[Exercise material Boundary: Start]

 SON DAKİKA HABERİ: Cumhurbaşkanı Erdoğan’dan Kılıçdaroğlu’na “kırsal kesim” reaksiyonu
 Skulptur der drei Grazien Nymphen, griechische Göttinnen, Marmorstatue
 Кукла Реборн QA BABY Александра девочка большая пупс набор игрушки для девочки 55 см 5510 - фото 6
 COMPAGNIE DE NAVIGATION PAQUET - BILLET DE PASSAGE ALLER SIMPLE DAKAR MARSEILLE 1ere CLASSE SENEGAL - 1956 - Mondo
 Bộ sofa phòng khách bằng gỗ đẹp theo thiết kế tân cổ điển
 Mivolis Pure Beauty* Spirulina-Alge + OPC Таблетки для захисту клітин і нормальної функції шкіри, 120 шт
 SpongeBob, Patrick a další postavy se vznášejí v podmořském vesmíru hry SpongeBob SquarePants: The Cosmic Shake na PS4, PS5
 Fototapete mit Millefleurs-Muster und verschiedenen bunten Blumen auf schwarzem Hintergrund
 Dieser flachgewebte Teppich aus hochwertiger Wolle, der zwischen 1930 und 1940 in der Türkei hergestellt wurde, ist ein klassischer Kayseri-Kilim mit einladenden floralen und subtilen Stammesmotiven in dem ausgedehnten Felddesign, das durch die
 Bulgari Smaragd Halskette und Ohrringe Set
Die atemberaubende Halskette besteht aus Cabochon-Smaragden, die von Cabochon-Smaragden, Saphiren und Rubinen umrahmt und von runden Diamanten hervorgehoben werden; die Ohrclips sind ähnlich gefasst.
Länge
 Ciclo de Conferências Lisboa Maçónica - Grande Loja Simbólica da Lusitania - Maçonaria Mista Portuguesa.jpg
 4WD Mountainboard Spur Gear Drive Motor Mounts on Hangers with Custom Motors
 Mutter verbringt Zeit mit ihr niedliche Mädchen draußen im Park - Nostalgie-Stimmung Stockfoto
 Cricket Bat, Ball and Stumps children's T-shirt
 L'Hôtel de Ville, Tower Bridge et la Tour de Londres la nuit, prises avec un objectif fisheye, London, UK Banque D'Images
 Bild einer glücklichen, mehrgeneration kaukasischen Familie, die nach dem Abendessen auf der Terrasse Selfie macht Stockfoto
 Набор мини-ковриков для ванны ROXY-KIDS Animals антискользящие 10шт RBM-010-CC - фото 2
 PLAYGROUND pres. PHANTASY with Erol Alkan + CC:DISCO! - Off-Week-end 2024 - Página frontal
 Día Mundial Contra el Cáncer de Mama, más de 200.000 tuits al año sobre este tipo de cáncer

[Exercise material Boundary: End]

Starting with the line that contains "Набор мини-ковриков для", copy each line through the end of the data exactly, and leave out all earlier lines.

 Набор мини-ковриков для ванны ROXY-KIDS Animals антискользящие 10шт RBM-010-CC - фото 2
 PLAYGROUND pres. PHANTASY with Erol Alkan + CC:DISCO! - Off-Week-end 2024 - Página frontal
 Día Mundial Contra el Cáncer de Mama, más de 200.000 tuits al año sobre este tipo de cáncer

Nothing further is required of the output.